What you should do = Your task is to find every line of the listing that includes "Southern" and copy it.

Supplied entries =
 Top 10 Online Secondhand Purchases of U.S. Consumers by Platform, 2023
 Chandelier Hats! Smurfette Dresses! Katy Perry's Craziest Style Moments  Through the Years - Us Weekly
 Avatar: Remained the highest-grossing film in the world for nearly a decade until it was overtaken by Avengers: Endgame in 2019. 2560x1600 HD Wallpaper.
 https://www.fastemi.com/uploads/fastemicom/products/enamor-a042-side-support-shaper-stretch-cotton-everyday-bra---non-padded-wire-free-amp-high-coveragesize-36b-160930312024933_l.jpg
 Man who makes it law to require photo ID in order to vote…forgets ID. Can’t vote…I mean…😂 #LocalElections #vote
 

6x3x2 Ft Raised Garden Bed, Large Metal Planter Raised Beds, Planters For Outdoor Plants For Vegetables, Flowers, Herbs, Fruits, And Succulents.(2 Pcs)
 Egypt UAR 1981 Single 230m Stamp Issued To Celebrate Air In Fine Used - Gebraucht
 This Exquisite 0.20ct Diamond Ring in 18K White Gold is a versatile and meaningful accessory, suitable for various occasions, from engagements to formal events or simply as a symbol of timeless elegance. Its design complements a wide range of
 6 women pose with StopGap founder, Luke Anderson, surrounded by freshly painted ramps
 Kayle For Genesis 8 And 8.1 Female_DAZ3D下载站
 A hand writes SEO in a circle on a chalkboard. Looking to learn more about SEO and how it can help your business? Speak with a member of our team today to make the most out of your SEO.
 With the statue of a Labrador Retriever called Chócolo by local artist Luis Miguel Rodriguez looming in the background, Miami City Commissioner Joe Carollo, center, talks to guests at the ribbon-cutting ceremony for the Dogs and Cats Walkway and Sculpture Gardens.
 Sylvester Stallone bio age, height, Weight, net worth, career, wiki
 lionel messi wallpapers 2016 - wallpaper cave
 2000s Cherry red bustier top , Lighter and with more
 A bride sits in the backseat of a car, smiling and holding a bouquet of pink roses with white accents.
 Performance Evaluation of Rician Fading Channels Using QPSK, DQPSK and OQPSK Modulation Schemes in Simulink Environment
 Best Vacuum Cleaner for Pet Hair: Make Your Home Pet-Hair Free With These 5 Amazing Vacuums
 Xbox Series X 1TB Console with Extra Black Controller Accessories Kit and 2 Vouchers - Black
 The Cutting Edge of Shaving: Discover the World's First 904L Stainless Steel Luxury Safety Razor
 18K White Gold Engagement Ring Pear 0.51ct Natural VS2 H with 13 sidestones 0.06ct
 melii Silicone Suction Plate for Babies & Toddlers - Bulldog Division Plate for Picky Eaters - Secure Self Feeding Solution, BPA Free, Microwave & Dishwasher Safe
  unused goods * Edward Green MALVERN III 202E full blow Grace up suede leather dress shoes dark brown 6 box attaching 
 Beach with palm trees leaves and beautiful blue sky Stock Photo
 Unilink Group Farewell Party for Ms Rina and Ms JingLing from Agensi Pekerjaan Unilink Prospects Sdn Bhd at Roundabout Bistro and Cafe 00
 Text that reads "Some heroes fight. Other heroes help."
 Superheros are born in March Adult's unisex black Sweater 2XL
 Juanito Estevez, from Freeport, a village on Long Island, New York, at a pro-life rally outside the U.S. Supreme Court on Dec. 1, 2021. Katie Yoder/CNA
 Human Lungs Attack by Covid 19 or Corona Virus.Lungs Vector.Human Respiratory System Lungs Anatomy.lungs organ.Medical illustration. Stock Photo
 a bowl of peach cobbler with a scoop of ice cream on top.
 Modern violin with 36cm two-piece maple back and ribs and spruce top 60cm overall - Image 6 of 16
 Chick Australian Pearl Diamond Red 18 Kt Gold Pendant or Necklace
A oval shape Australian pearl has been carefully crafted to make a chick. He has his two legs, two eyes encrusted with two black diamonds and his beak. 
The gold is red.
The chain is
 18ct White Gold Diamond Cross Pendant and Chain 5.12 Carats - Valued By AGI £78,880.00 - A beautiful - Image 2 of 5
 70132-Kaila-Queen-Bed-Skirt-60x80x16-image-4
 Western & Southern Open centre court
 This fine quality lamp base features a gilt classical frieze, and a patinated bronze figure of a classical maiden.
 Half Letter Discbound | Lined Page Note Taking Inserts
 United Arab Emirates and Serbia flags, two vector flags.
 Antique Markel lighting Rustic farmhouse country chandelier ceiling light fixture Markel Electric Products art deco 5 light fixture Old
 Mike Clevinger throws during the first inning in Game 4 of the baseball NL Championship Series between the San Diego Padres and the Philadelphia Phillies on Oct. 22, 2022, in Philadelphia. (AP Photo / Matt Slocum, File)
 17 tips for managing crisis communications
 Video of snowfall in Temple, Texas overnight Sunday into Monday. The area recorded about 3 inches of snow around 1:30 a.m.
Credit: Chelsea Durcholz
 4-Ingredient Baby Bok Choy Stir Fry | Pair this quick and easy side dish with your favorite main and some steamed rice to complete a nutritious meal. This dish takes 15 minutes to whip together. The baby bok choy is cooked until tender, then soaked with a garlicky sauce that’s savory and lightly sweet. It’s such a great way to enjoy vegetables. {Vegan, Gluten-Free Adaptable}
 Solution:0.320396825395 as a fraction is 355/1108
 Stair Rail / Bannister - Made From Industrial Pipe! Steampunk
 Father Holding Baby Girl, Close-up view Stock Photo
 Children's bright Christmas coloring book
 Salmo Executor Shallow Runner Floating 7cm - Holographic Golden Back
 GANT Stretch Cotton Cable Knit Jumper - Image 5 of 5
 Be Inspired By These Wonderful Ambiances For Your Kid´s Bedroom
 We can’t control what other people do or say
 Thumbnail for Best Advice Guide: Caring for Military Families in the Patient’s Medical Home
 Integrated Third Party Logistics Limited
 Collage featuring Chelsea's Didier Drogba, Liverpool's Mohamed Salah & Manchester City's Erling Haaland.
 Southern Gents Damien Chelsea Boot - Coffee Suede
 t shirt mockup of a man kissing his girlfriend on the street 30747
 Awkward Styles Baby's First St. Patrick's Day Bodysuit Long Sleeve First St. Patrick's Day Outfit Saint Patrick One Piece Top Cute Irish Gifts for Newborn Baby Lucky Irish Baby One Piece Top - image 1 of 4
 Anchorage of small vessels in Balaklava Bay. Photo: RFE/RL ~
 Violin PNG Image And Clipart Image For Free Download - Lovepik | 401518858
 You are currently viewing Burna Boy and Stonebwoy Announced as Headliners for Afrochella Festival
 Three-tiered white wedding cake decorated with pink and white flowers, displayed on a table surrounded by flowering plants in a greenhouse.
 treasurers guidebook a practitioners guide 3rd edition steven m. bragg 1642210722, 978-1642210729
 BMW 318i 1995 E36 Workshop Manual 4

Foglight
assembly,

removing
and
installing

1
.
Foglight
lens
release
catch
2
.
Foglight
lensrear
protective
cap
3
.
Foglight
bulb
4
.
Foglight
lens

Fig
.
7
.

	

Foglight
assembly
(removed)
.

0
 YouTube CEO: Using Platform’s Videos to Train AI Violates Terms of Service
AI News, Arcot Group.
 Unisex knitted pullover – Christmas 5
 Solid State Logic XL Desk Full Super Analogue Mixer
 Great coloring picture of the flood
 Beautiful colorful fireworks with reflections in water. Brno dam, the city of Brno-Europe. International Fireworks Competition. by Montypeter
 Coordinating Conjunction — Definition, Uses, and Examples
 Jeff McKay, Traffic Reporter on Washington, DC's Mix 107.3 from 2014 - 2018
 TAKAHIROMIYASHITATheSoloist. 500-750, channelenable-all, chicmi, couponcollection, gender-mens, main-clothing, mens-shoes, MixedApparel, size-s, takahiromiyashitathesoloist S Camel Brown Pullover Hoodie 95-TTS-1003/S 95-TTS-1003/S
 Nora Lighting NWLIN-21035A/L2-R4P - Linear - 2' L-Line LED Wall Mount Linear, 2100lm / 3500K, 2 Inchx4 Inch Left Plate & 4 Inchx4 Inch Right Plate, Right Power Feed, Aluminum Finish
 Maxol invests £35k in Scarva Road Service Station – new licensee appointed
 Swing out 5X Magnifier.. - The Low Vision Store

Reply to the exercise =
 Western & Southern Open centre court
 Southern Gents Damien Chelsea Boot - Coffee Suede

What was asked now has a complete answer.